An insight to rocket propulsion
Konstantin Tsiolkovsky, born in Russia in 1857, was a rocket scientist who is known worldwide for pioneering the astronautic theory. This theory, as first proposed by Tsiolkovsky in 1898, involved the discovery of the concept to use rockets for space exploration. Tsiolkovsky went on to identify the potential to use a liquid propulsion method to allow launch vehicles to travel further into space. The speed the rocket would travel at, and the total distance (range) the rocket could achieve, would depend on the velocity of the exhaust gases released when the propellants burn to produce thrust.
Over the years this technology would continue to develop and still does so now.
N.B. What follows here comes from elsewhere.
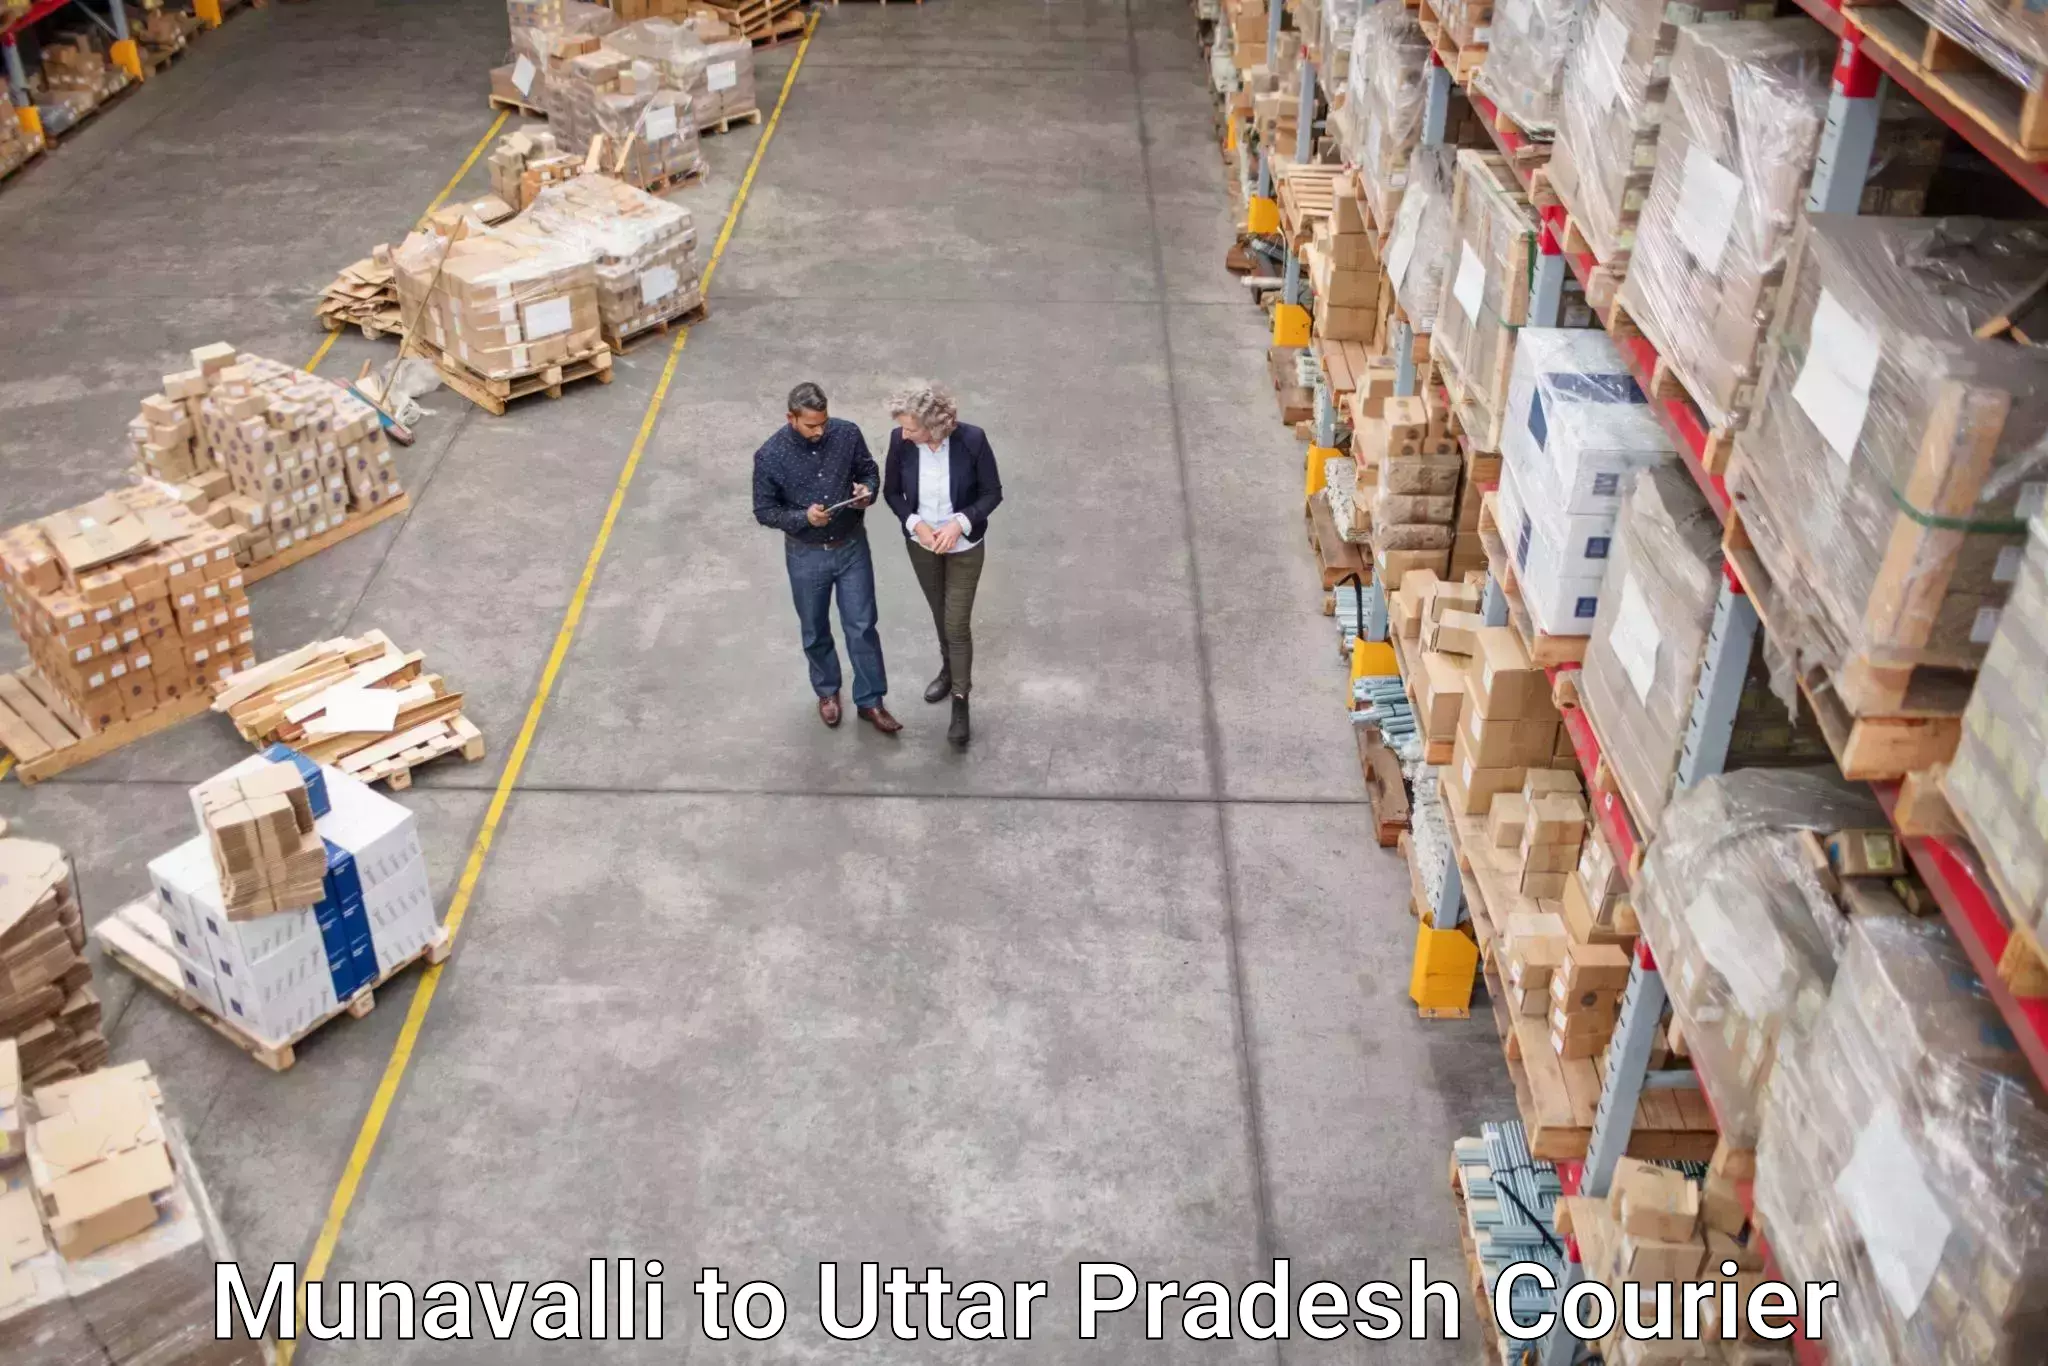 Versatile courier offerings Munavalli to Gorakhpur

With the discovery of new technologies such as Skyrora’s Ecosene and access to innovative manufacturing processes such as DED 3D Printing and Carbon Composite Technology, we can develop and discover the increased potential of propulsion systems to allow efficient and more sustainable access to space.
How it works
Propulsion is the act of providing a force to move a body either from an initial point at rest or by changing the velocity of a body that is already moving. Rocket propulsion is a type of jet propulsion whereby thrust is produced upon the ejection of a propellant.
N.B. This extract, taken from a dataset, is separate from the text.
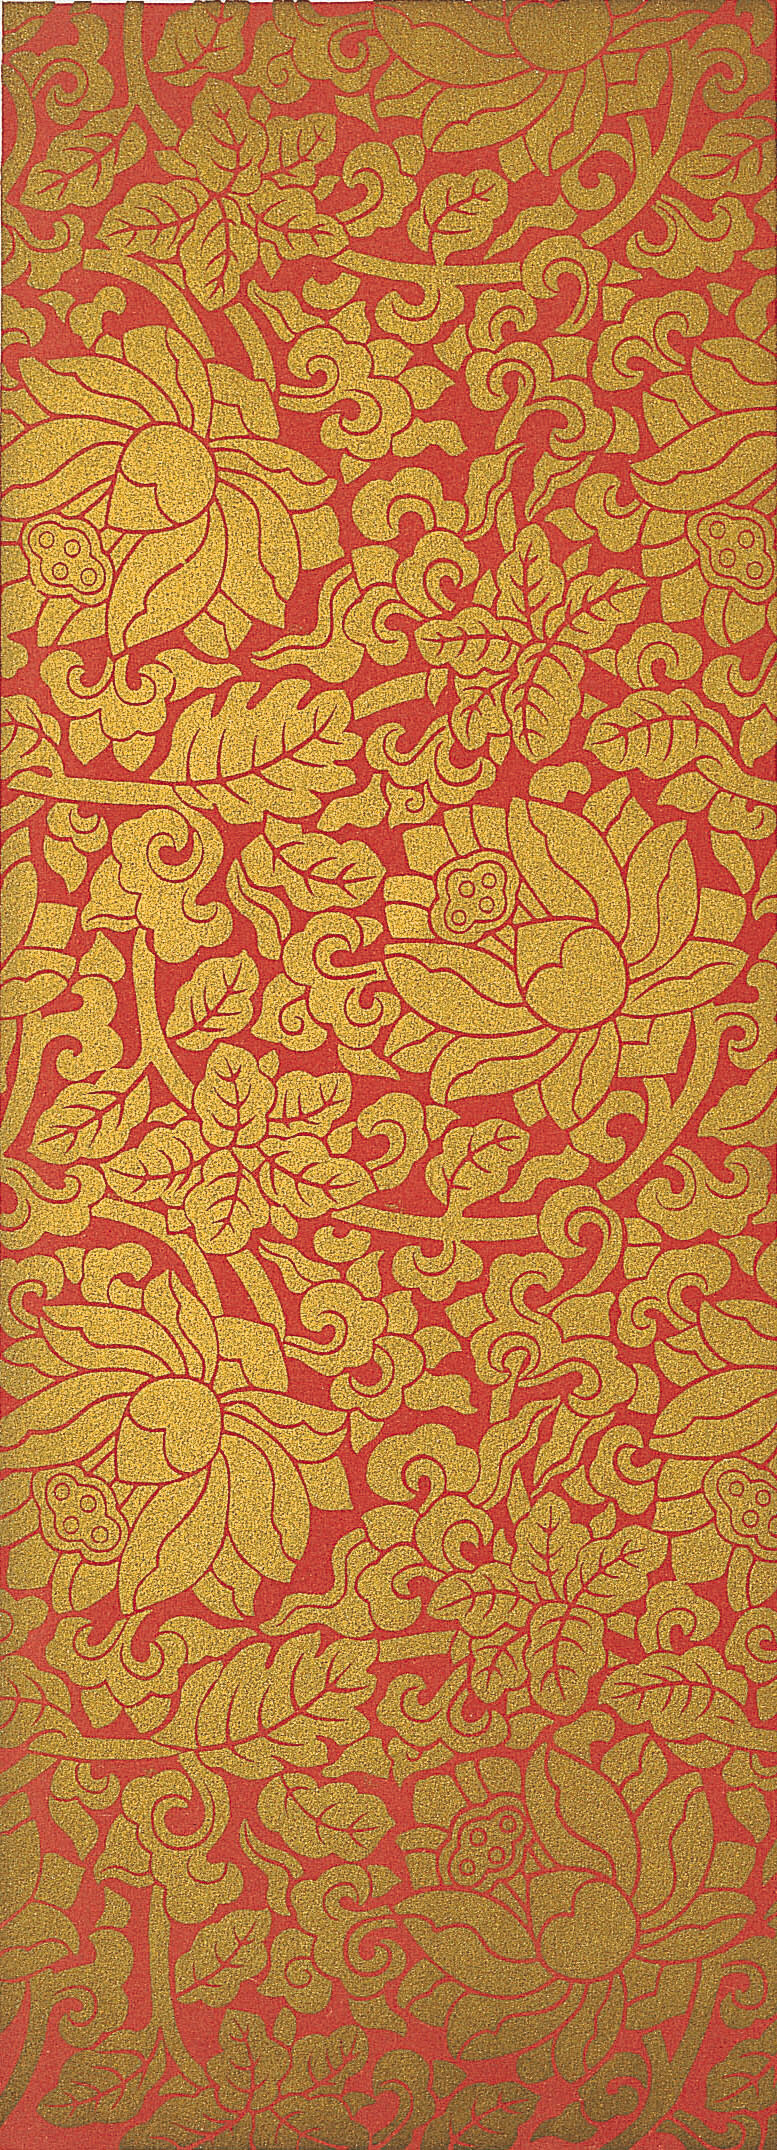 中國圖騰 中國 圖騰 花纹 金色 地毯 背景底纹 底纹边框

Propulsion systems are classified based on varying characteristics including the type of energy source used, the type and size of the vehicle, and the propellant choice. Most of the time this process involves the principle of thermodynamics with which a gas expands, causing the internal energy to be transformed into kinetic energy. The expanding gas applies pressure to the surrounding surfaces creating the downward force known as thrust.
A launch vehicle supplies us with a means to escape from Earth’s surface, but to do this a certain velocity is required to overcome the forces pushing the vehicle back towards the ground. Thrust, the propulsive force created by the ejection of matter at a high velocity, forces the rocket upwards. The velocity required by the propulsion system for lift-off is found by equating the kinetic energy of a moving body to the work required to overcome gravity. This velocity is often impractical for launching a rocket, as on ascent it is subject to many more extreme forces, so the propulsions systems implemented must be tailored to the changing velocity required to suit each stage of flight. This velocity will vary depending on the altitude the launch vehicle must reach, for instance, a vehicle headed for Low Earth Orbit (LEO) will have different requirements for its propulsion system to those heading into deep space for interplanetary missions. In the case of the Skyrora XL launch vehicle, the three-stage propulsion system can perform multiple sequential burns allowing us to service different altitudes, increasing our mission envelope.
The principles involved
The concept of propulsion in space and rocket science stems from the understanding of mechanics, thermodynamics, and chemistry. Knowledge of these principles is essential in obtaining optimum results for the system responsible for launching a rocket into orbit. We rely on the total impulse during launch, which is calculated from the integral of the force produced by the thrust and the burning time of the propellant. Total impulse is proportional to the energy released by the propellant. Similarly, the specific impulse, which describes the efficiency of the rocket, is the value for total impulse divided by the weight of the propellant. The higher the specific impulse the more efficient the system, as more thrust is produced for the same amount of propellant.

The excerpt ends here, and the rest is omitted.